(by Michelle Ruelle).
The Vatican on Monday
announced that American journalist Greg Burke, currently the
deputy director of the Vatican Press Office, will take over from
Father Federico Lombardi as director on August 1.
Burke, 56, began work at the Vatican's Secretariat of State
in 2012 as communications advisor.
He spent more than a decade as the Fox News Rome
correspondent, and prior to that he was the Rome correspondent
for Time Magazine.
Burke said he was moved by the nomination.
"The thing that moved me is that the pope today told me: I
thought a long time about this," Burke said.
"It highlights the importance of this role even more," he
said.
Spanish journalist Paloma Garcia Ovejero will be Burke's
deputy, the first woman in history to hold that position.
She is currently the Vatican correspondent for Spanish
broadcaster Cadena Cope.
Ovejero said she was surprised by the nomination but also
said it was "normal" for a woman to be named at the executive
level of the Vatican Press Office.
"Women were the first ones to discover the Resurrection,"
she said.
"And then there's her, Mary, our mother".
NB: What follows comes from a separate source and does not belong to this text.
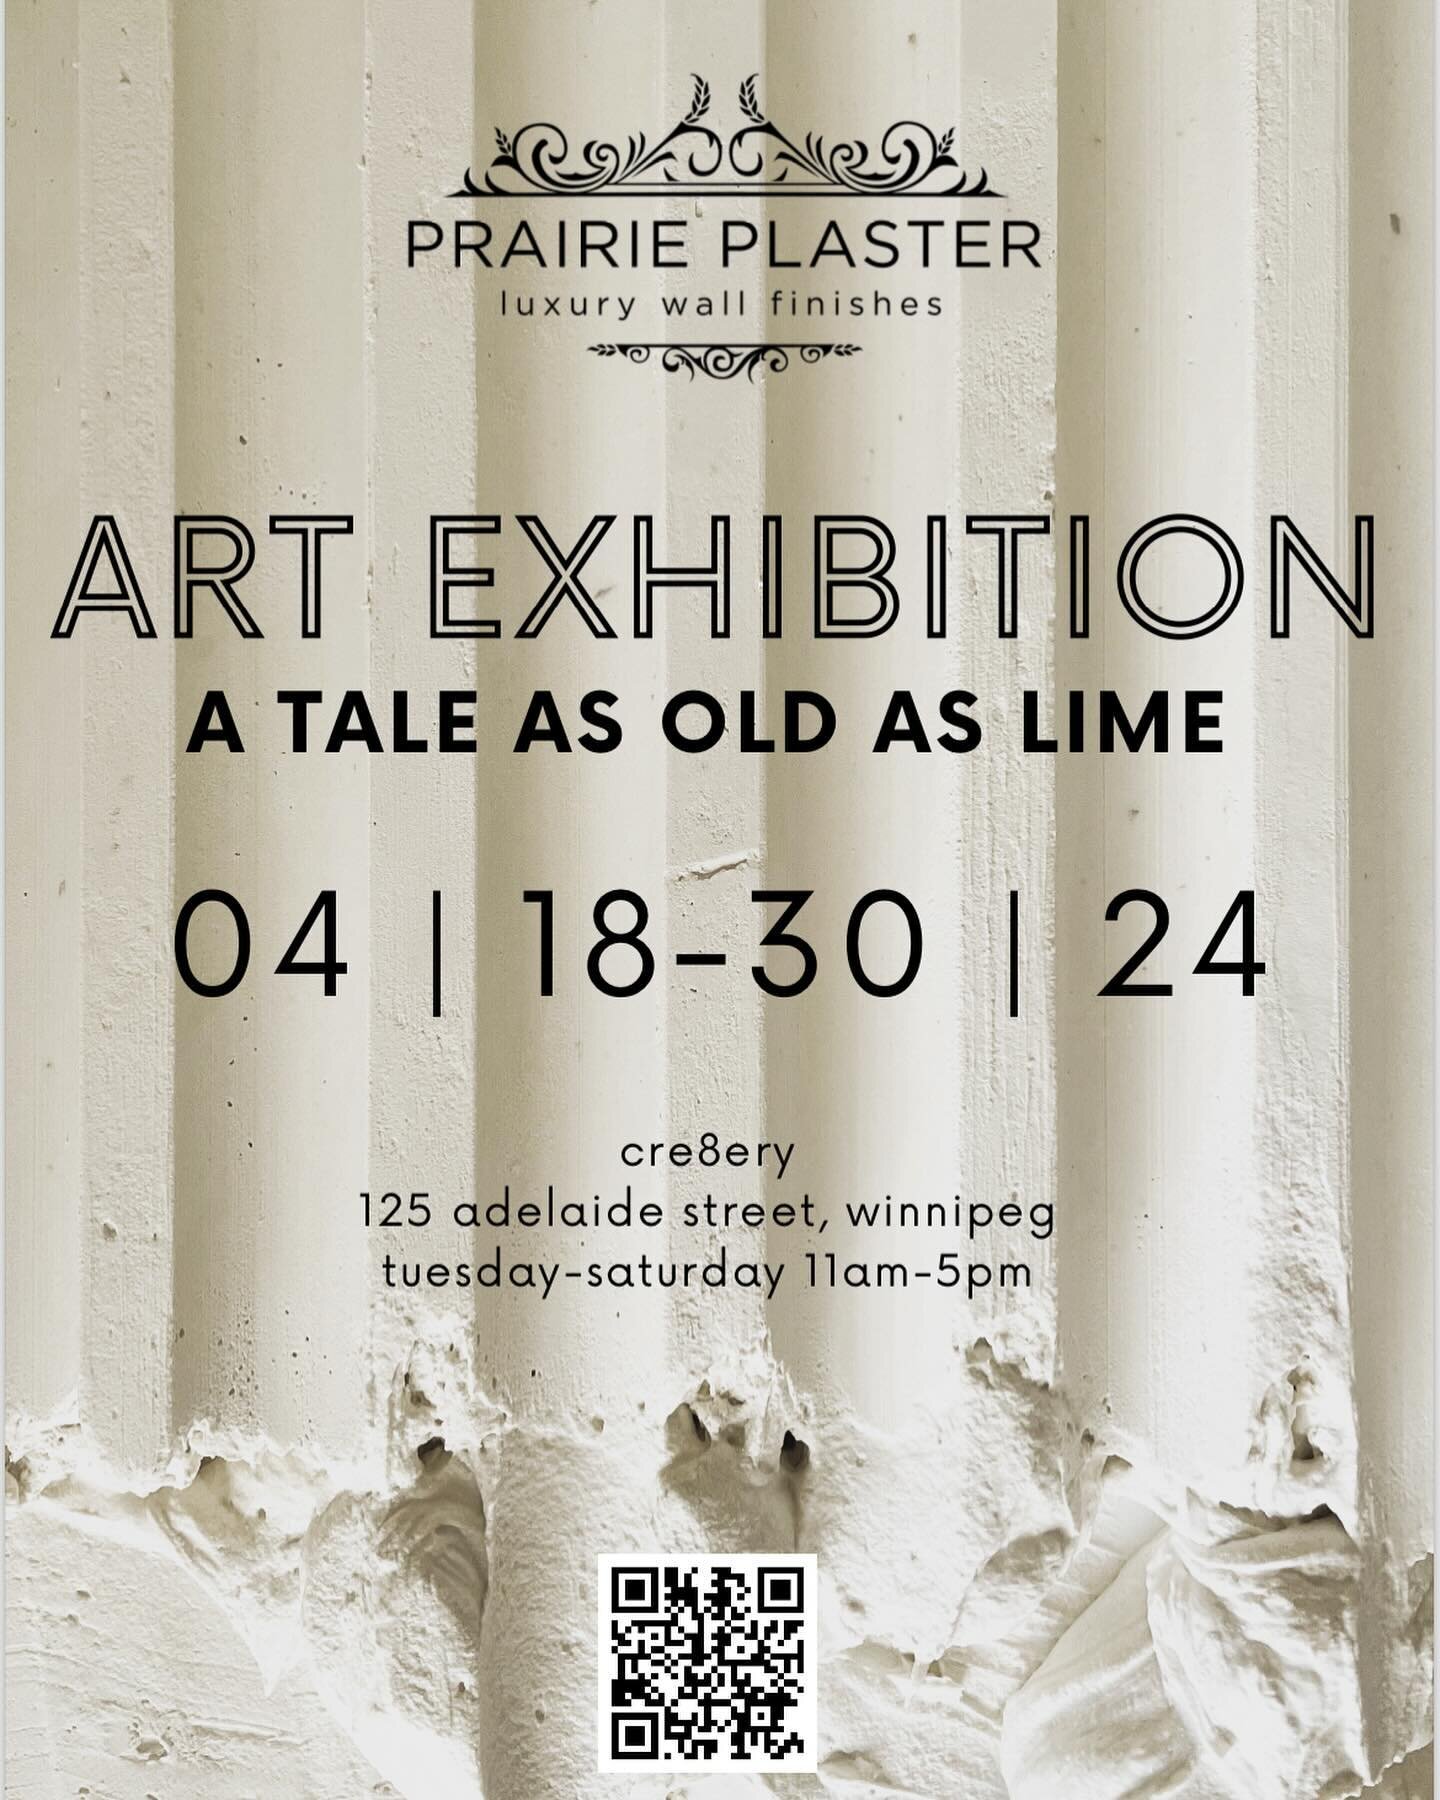 Hi Everyone! Join me for my first solo exhibition at Cre8ery Art Gallery starting April 18th running until April 30th, open Tuesdays-Saturdays 11am-5pm. Evenings by appointment.

Step into the captivating art show, &ldquo;A Tale as Old as Lime,&rdquo

Lombardi, 73, had been director of the Holy See Press
Office, or Vatican spokesman, since July 2006.
Vatican Prefect for Communication Monsignor Dario Edoardo
Viganò announced the nominations and thanked Father Lombardi,
with whom he has worked for the past 10 years.
Viganò said Father Lombardi would leave a long legacy and
had imparted a particular style, which Viganò referred to as
"the ecclesiastical vision of events, keeping the various
feelings together".
"The Church isn't a monolithic experience but a multiform
one; therefore a wide view is necessary," he said.
UNICEF Italy spokesman Andrea Iacomini on Monday
congratulated Burke on his new position.
"I'm certain that he will put all of his professionalism
and above all sensitivity into this important position, in a
historic moment like the one in which we are now living in which
telling the dramatic experiences of children around the world
seems ever more complex and difficult," Iacomini said.